Begin your copy at the line with "NFL Titans Coliseum" in the records below and end it at the line with "Wool Beanie Hat in Khaki Green", restating each line word for word; omit the pictures.

● Data
◇ ◇ ◇
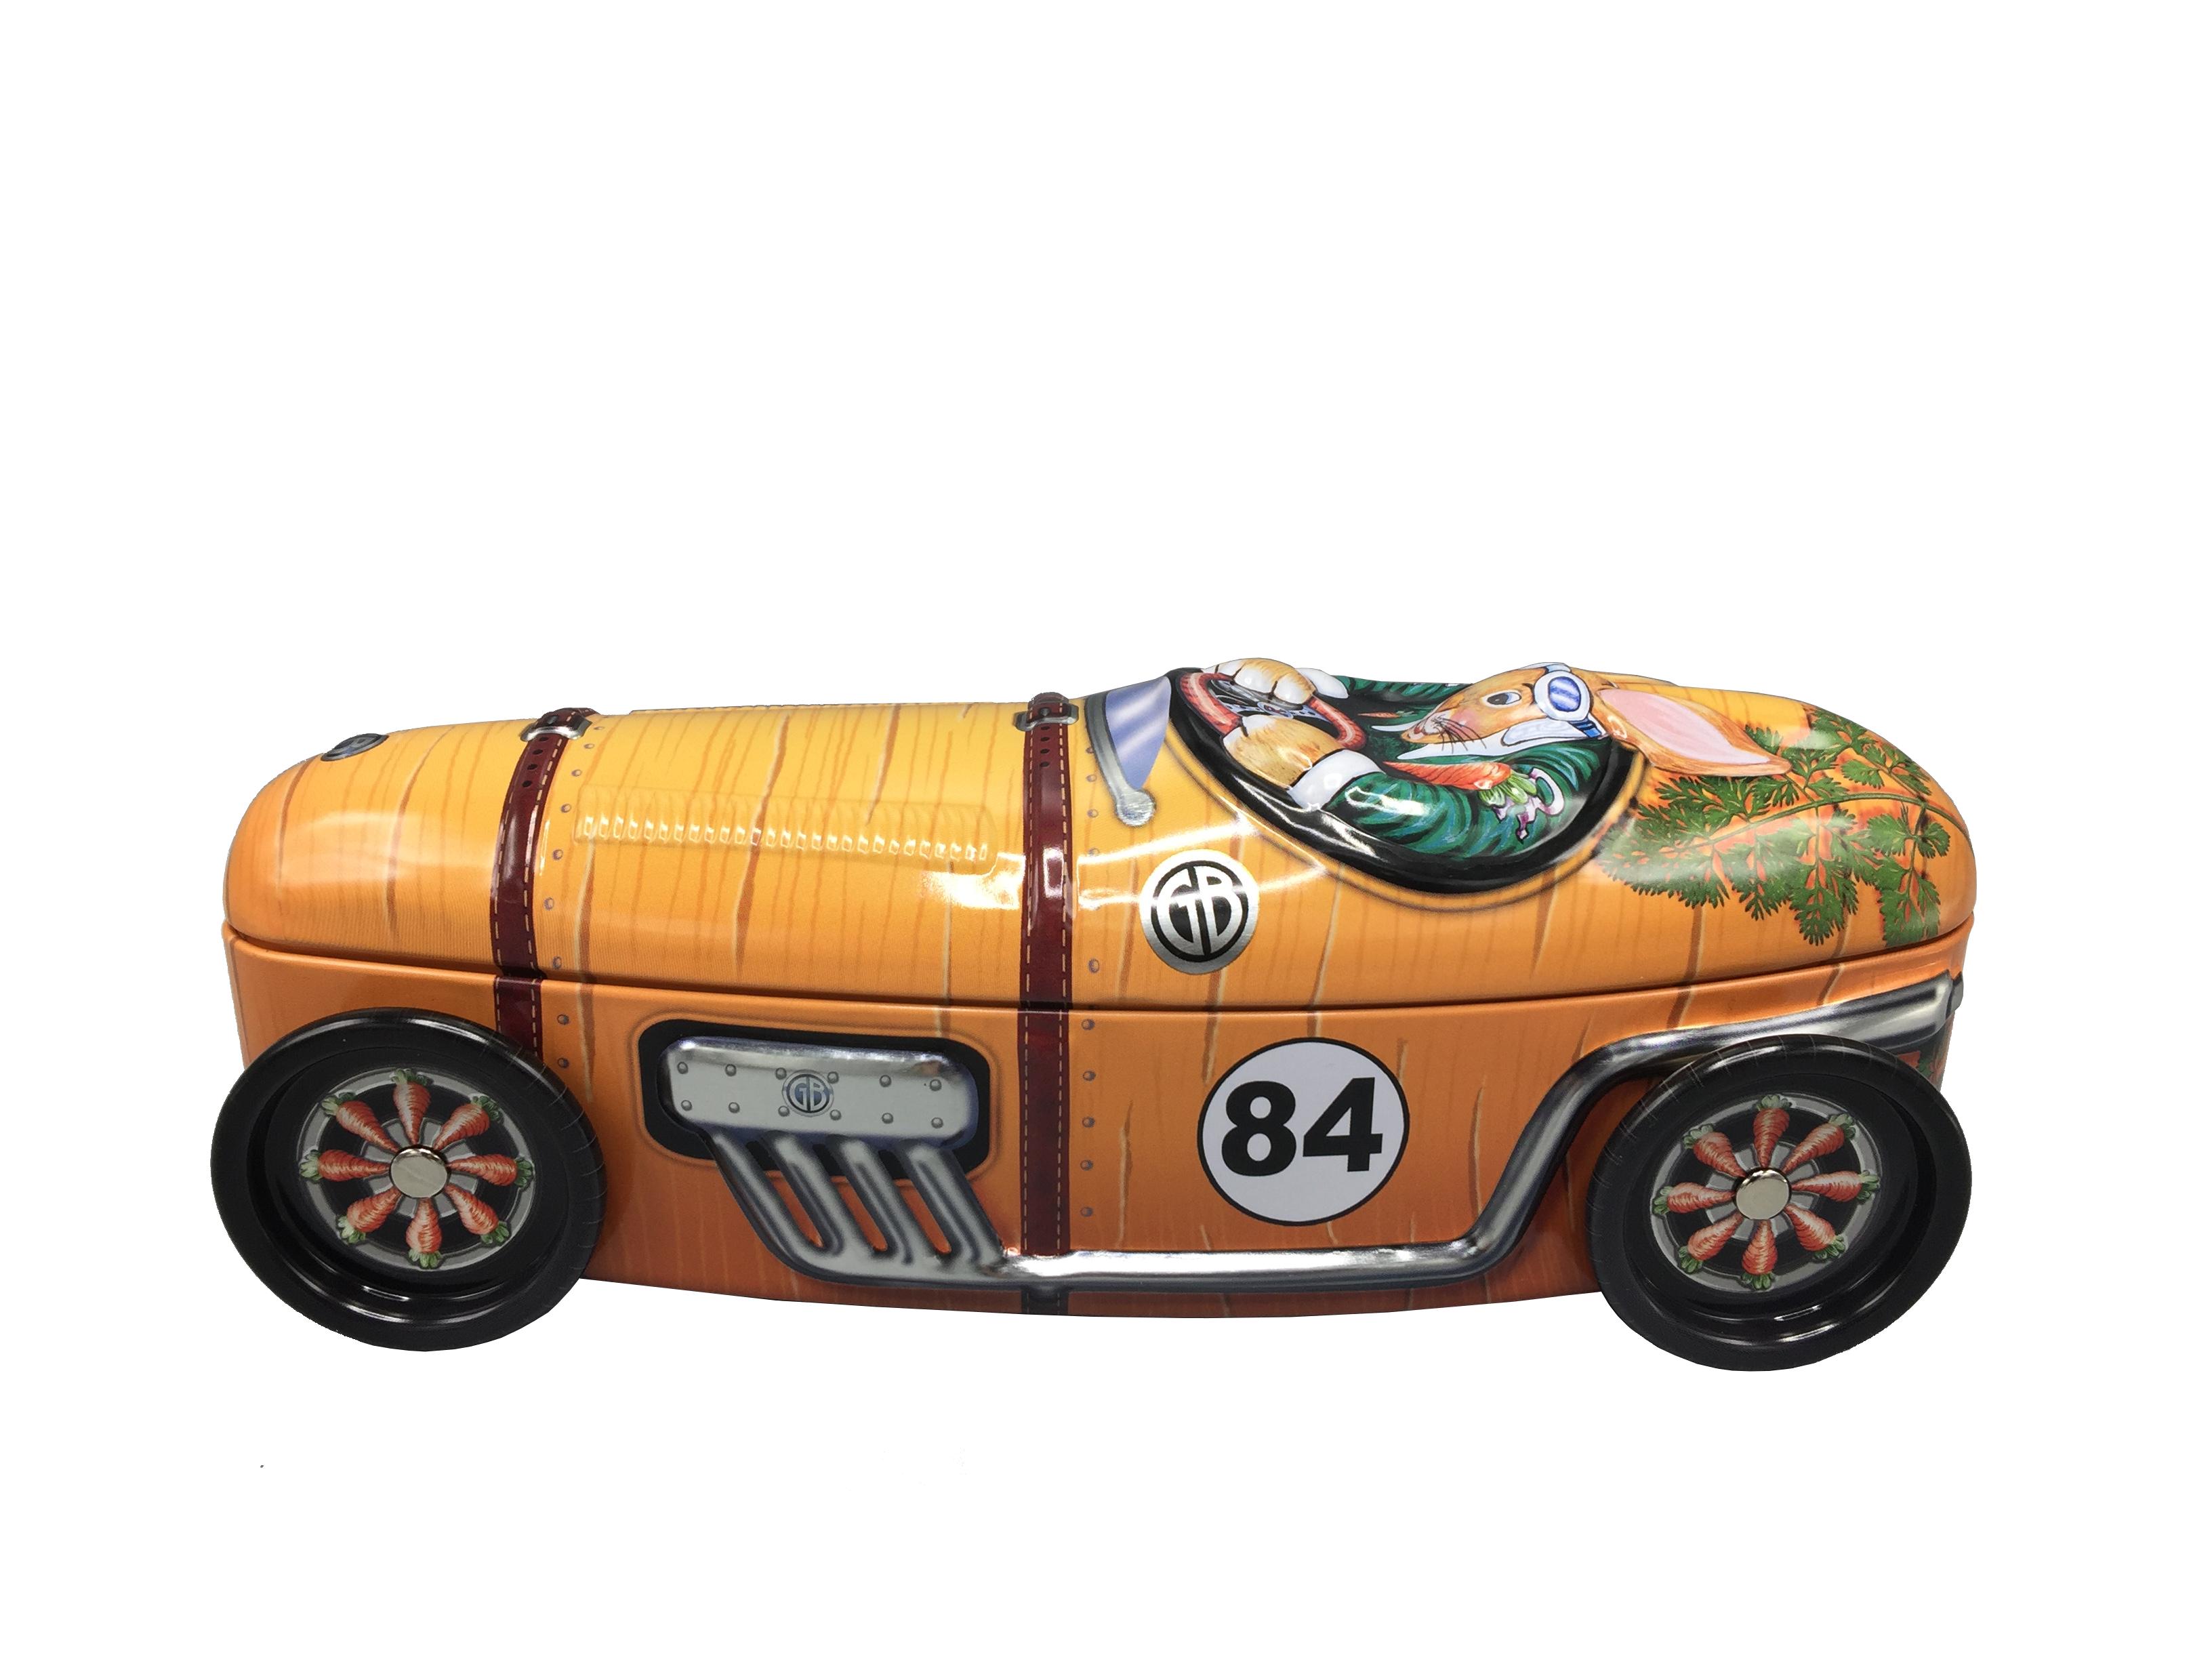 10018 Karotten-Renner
◇ ◇ ◇
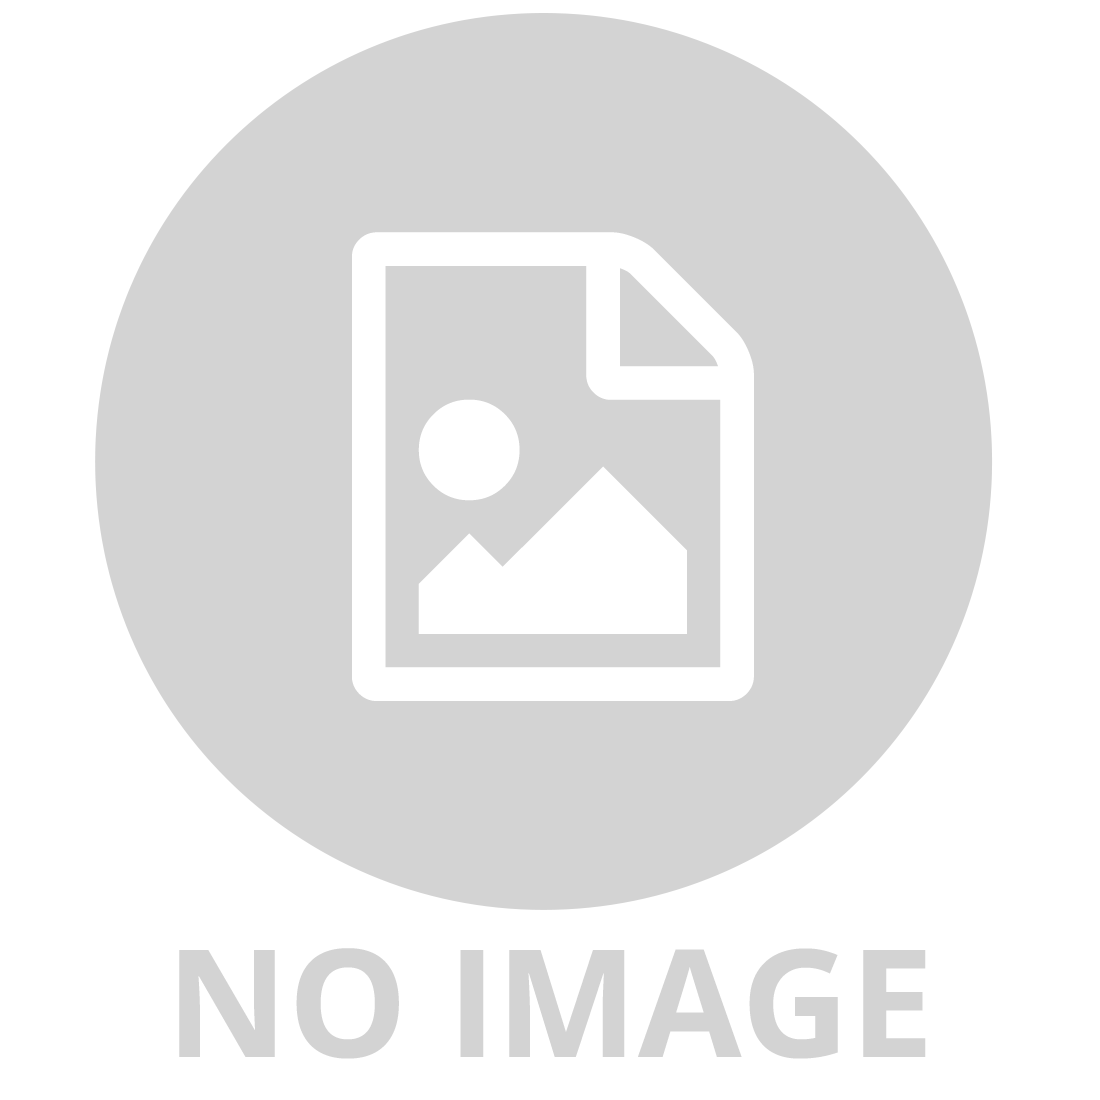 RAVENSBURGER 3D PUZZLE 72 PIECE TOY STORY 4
◇ ◇ ◇
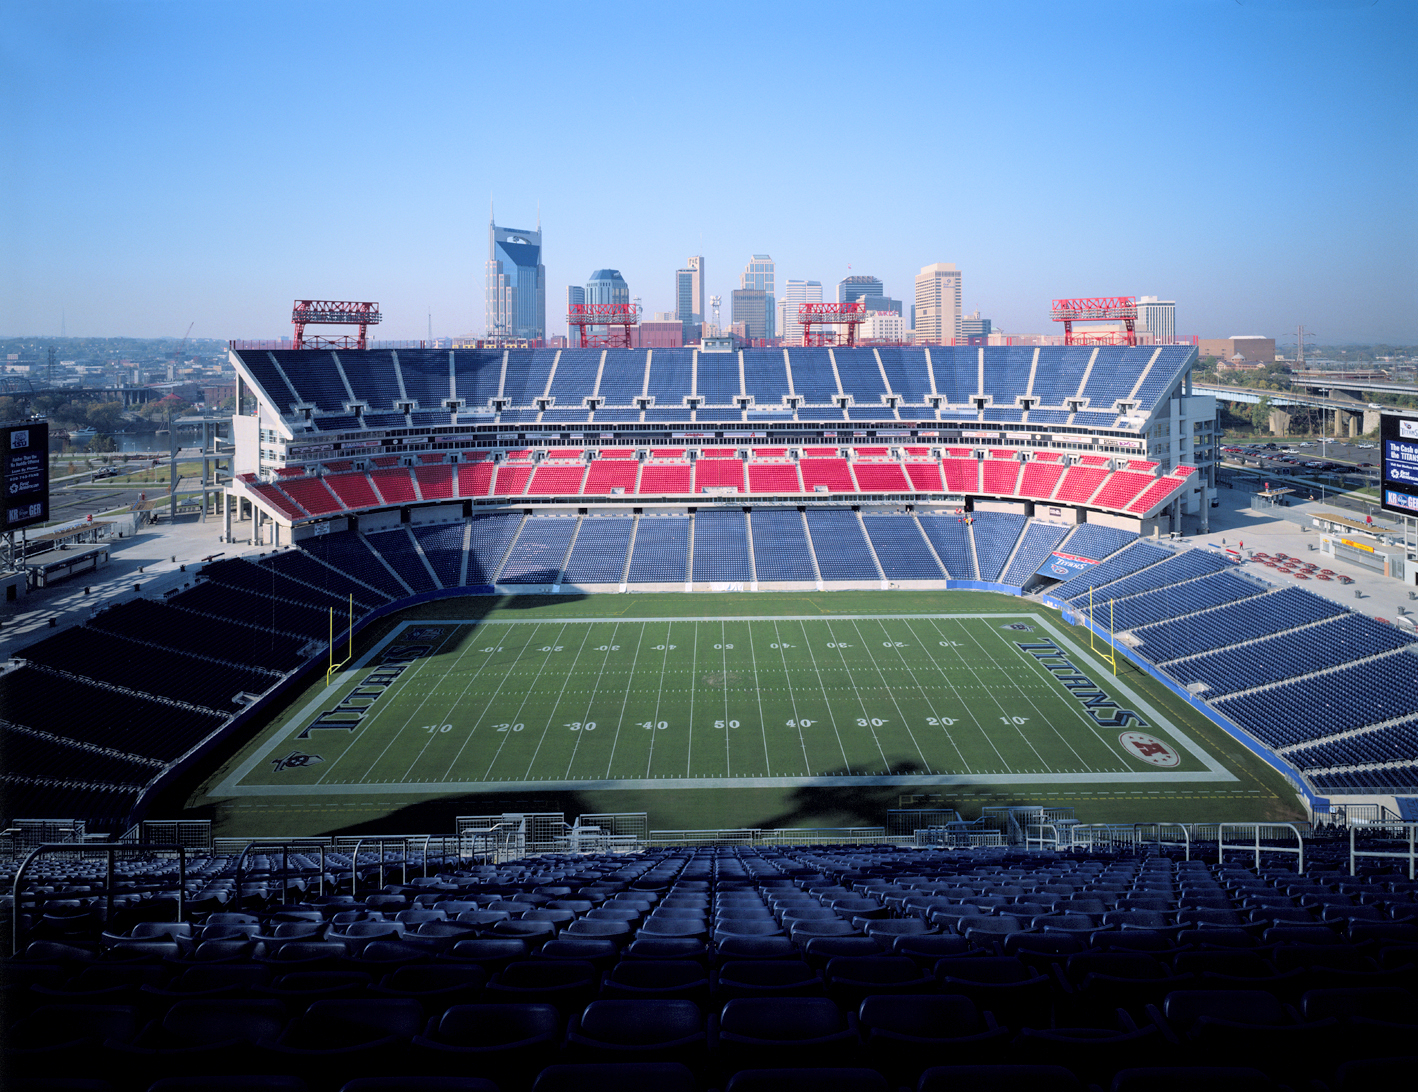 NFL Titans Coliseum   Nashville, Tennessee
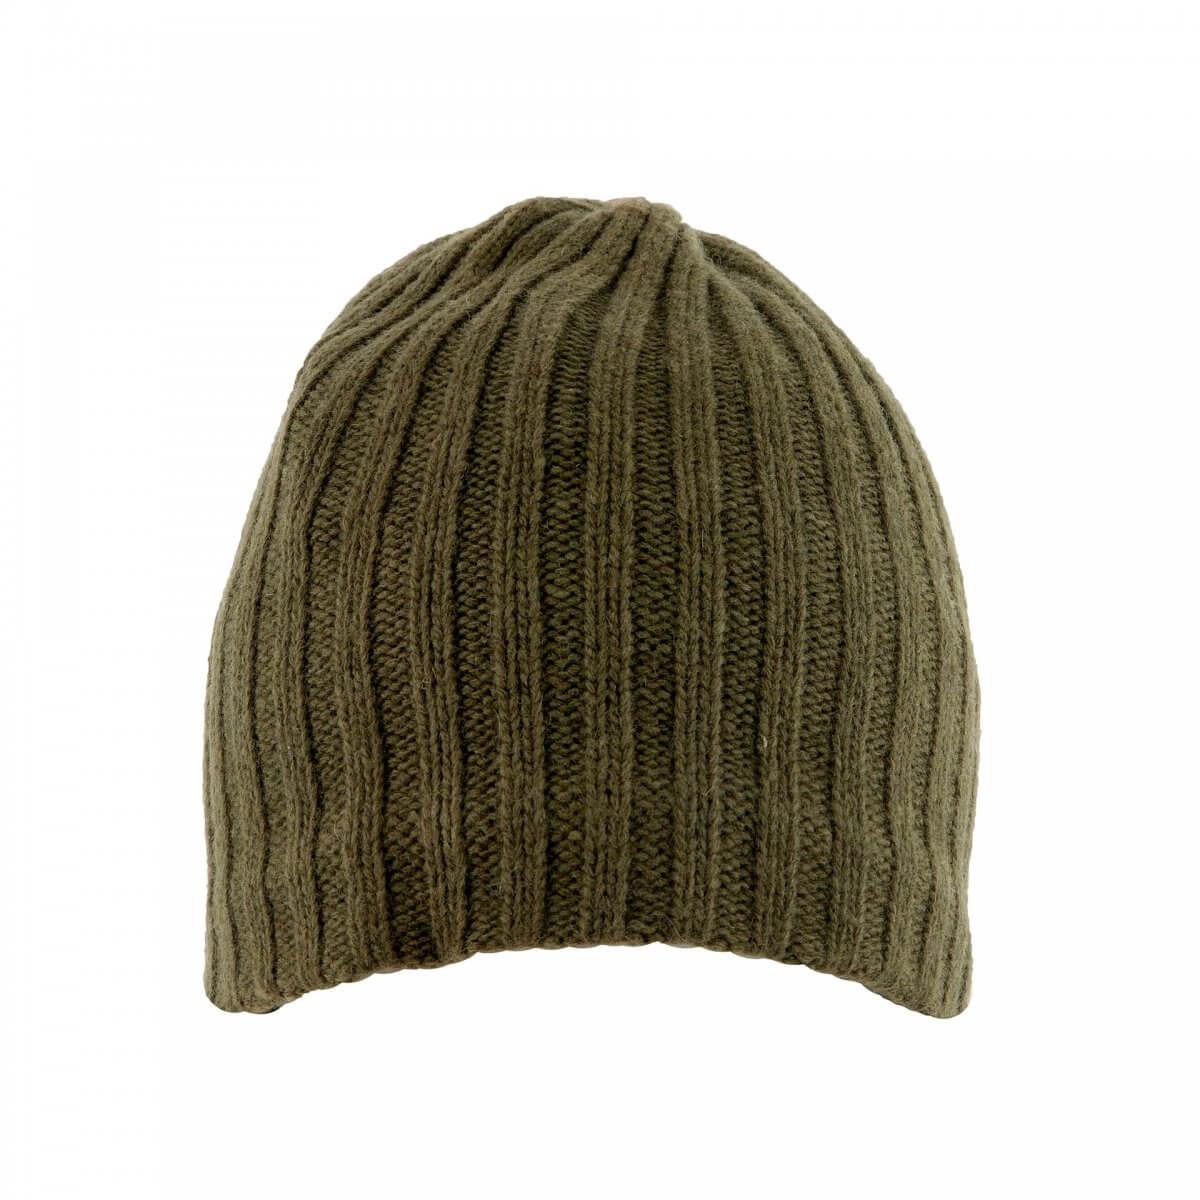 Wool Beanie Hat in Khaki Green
◇ ◇ ◇
● Answer space
 NFL Titans Coliseum   Nashville, Tennessee
 Wool Beanie Hat in Khaki Green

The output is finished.